新品種育成の背景・経緯
米の消費が減少する中で、中食・外食産業向けの業務用米の需要は増加しています。低価格の業務用米を生産するためには、直播栽培・減農薬栽培等の低コスト栽培に取り組む必要があり、実需者・生産者からも低コスト栽培が可能な良食味品種が求められていました。このような背景の中で、東北農業研究センターで育成した直播向き多収・良食味品種「萌えみのり」1)は、業務用米を中心に普及が進み、直播栽培による低コスト化への取り組み事例も増えてきています。しかし、「萌えみのり」はいもち病に強くないため、いもち病常発地域では栽培が難しいという問題がありました。そこで、いもち病抵抗性を改良した直播向き品種の育成を目的として、いもち病抵抗性"極強"の「中部111号(みねはるか)」に、「萌えみのり」を交配し、新品種「えみのあき」を育成しました。
「えみのあき」の特徴
- いもち病に強く、短稈で倒れにくい、直播栽培に適した品種です(図1、表1)。東北・北陸地域での直播栽培に適しているほか、いもち病常発地域での移植栽培にも適しています。
- 「萌えみのり」よりもいもち病に強く、葉いもち・穂いもちともに既存の"極強"の基準品種と同等のいもち病抵抗性を示します(図2)。また、耐冷性にも優れ、"強"に分類されます。
- 食味は東北地域の主要品種である「あきたこまち」「ひとめぼれ」と同等の良食味です。
- 出穂期・成熟期は「ひとめぼれ」並で、東北地域では"中生の晩"熟期です。精玄米収量は直播栽培では「ひとめぼれ」より多収で、移植栽培では「ひとめぼれ」と同程度です。「萌えみのり」には直播栽培、移植栽培ともに収量がやや劣ります。
- 玄米の千粒重は「ひとめぼれ」と同程度かやや重く、外観品質は「ひとめぼれ」並の良質です(表1)。

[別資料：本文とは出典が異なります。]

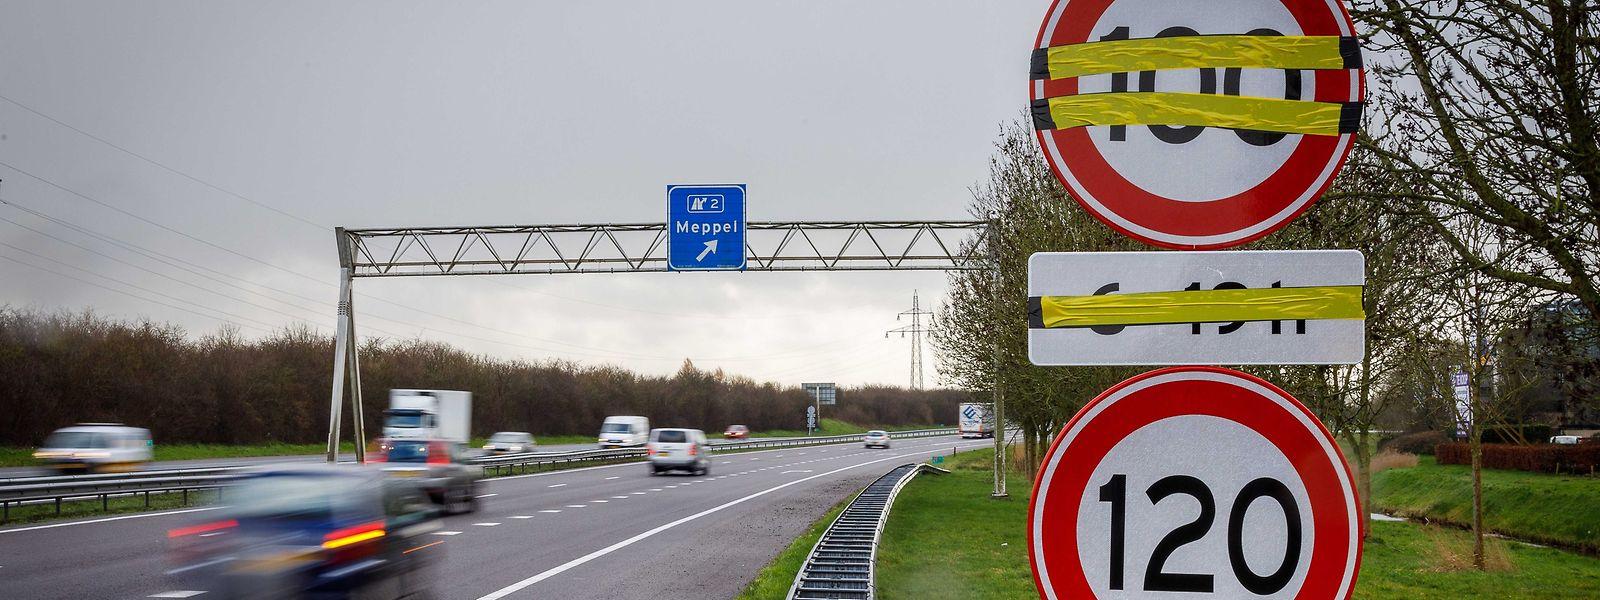 Ein Verkehrsschild mit Tempo 100 an einer Autobahn in Meppel (NL).
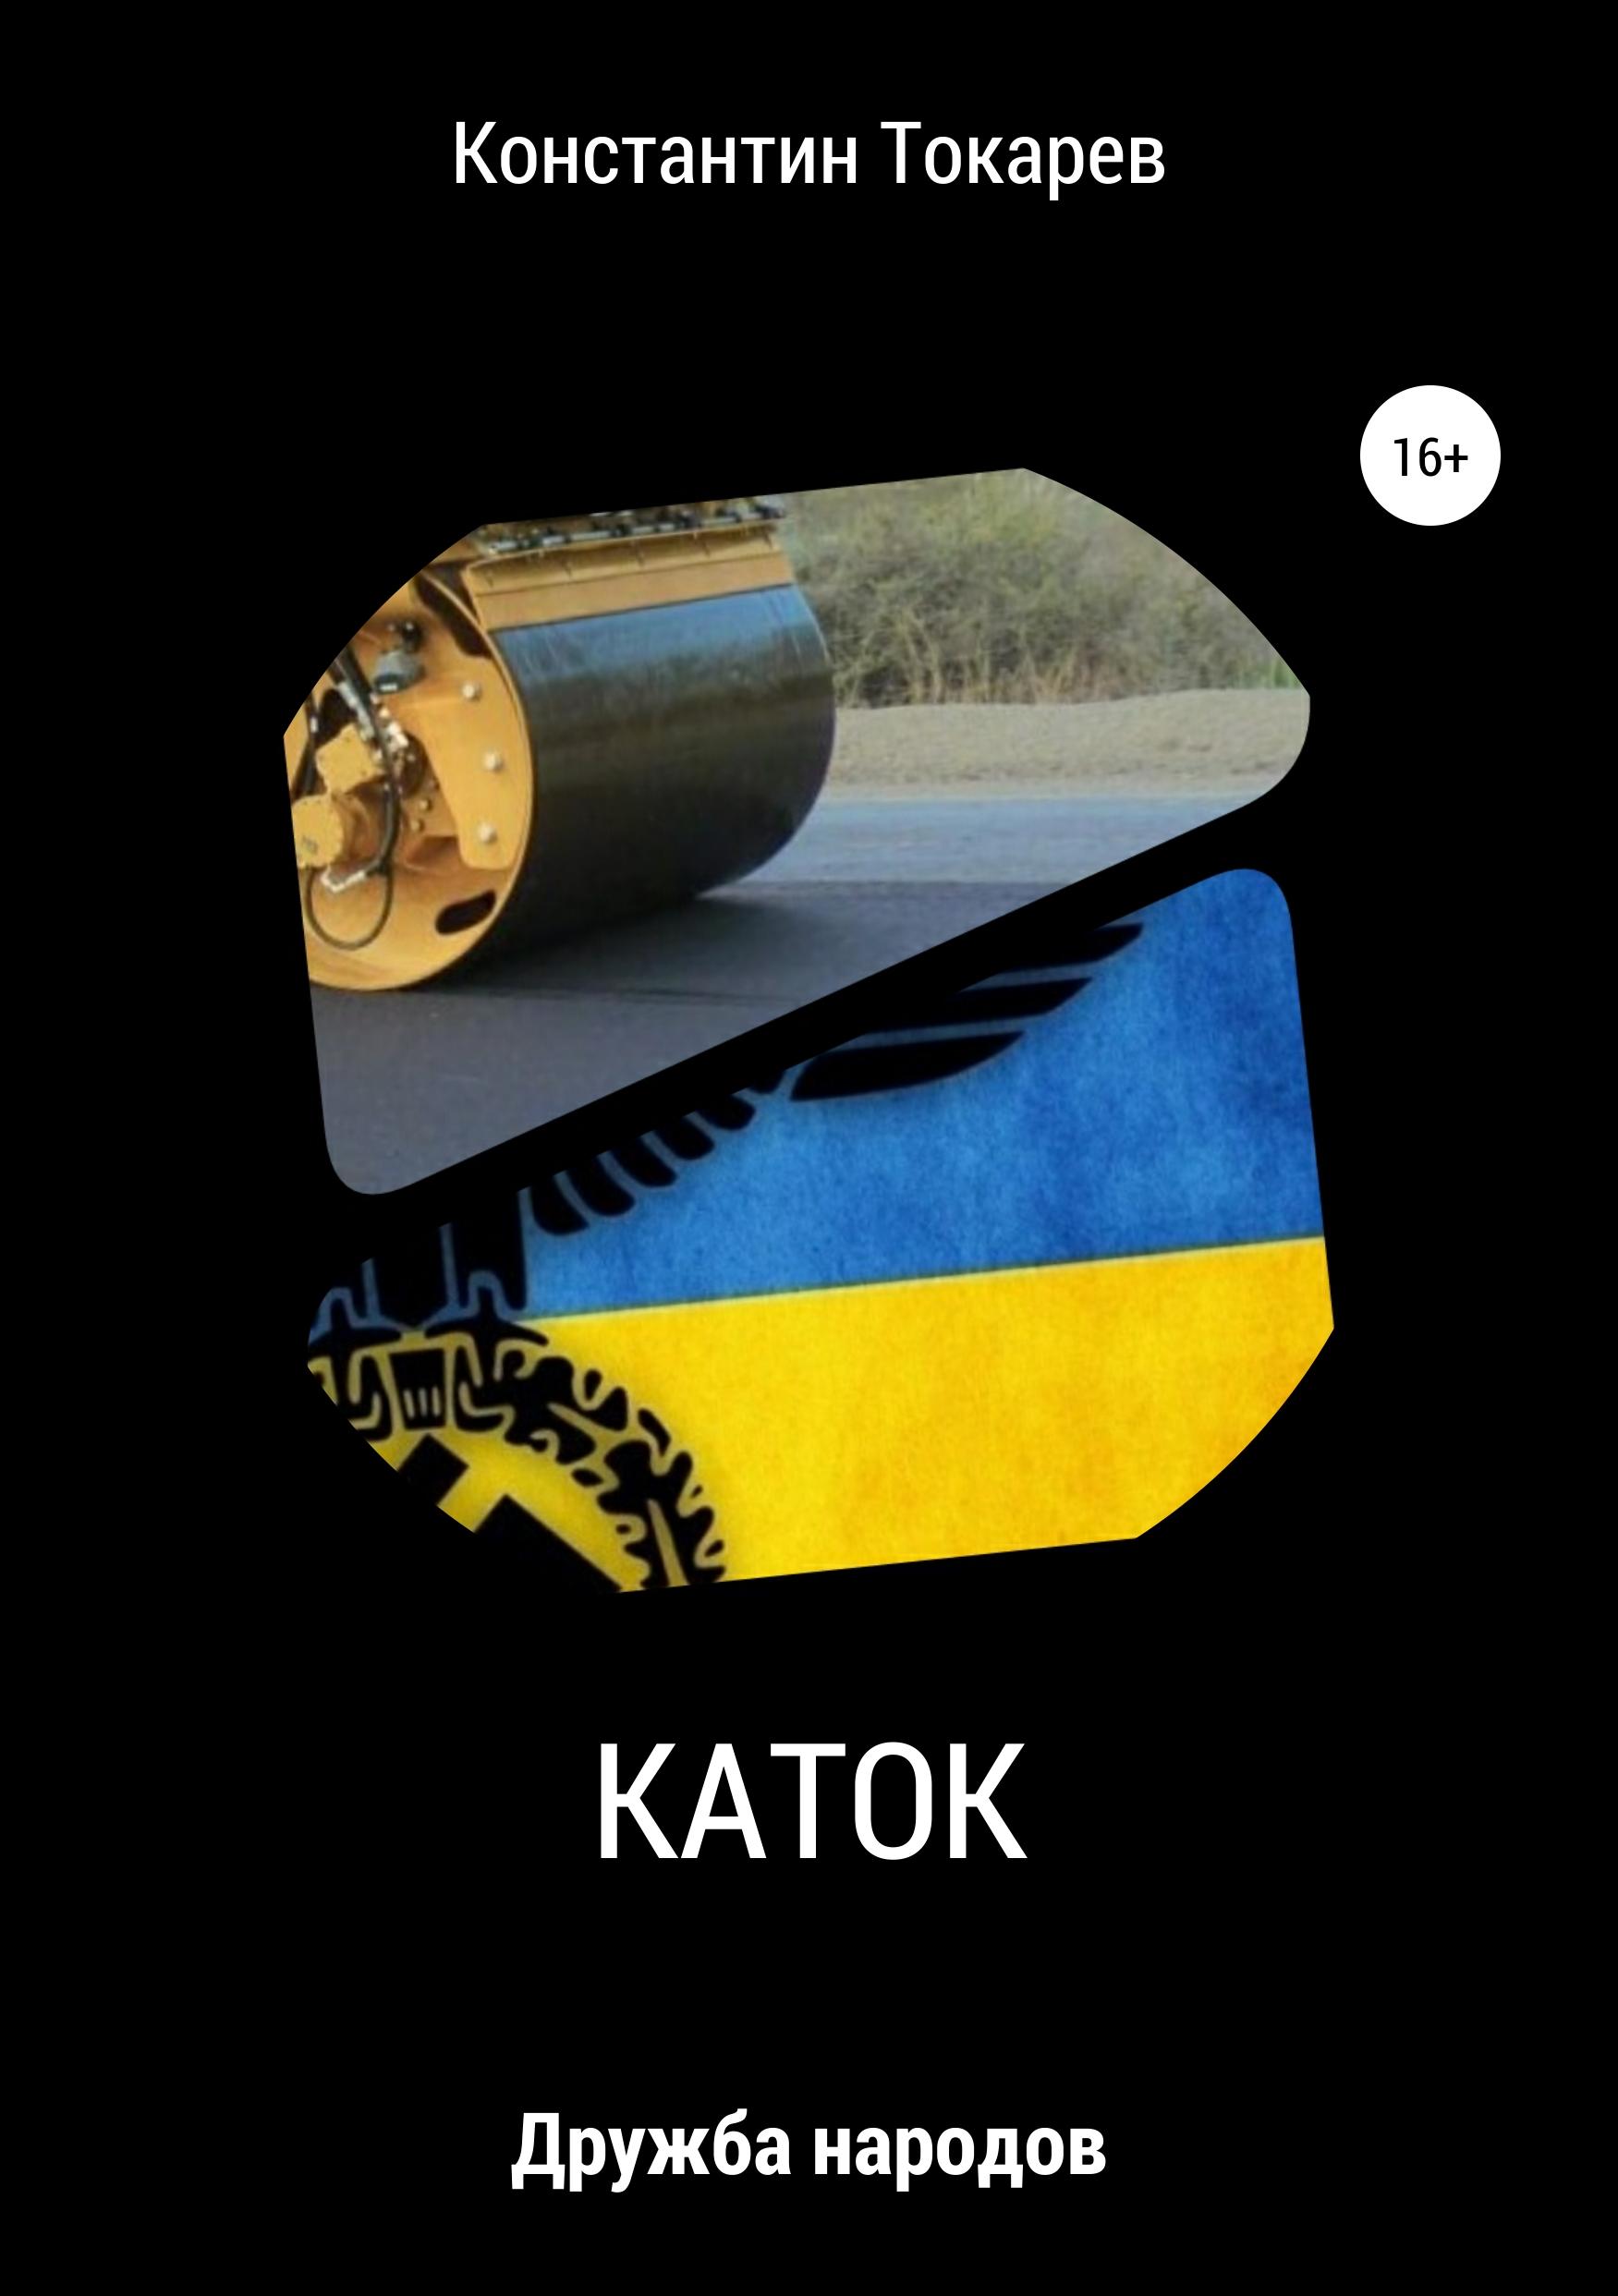 Каток

- 縞葉枯病にはかかりやすいので、常発地帯での栽培は避けてください。
品種の名前の由来
栽培しやすく美味しい品種として、生産者、消費者ともに笑顔になることを願って「えみのあき」と命名されました。
今後の予定・期待
現在、新潟県および秋田県の一部産地で試験栽培が行われています。このうち、新潟県では平成26年に5haの作付けが見込まれています。今後、これらの地域における低コスト良食味米の安定生産に貢献することが期待されます。
種子の入手に関するお問い合わせ先
農研機構 東北農業研究センター 企画管理部 業務推進室 運営チーム
Tel:019-643-3443 Fax:019-641-7794
利用許諾契約に関するお問い合わせ先
農研機構 連携普及部 知財・連携調整課 種苗係
Tel:029-838-7390 Fax:029-838-8905
用語の解説
1)萌えみのり
農研機構東北農業研究センターが2006年に育成した中生の晩熟期の良食味品種。短稈で倒れにくく直播栽培に適します。移植栽培、直播栽培のいずれにおいても安定多収の良食味品種として、秋田、岩手、宮城、新潟、茨城の各県で産地品種銘柄に指定されています。平成23年の栽培面積は300ha程度で、現在も栽培面積は拡大しています。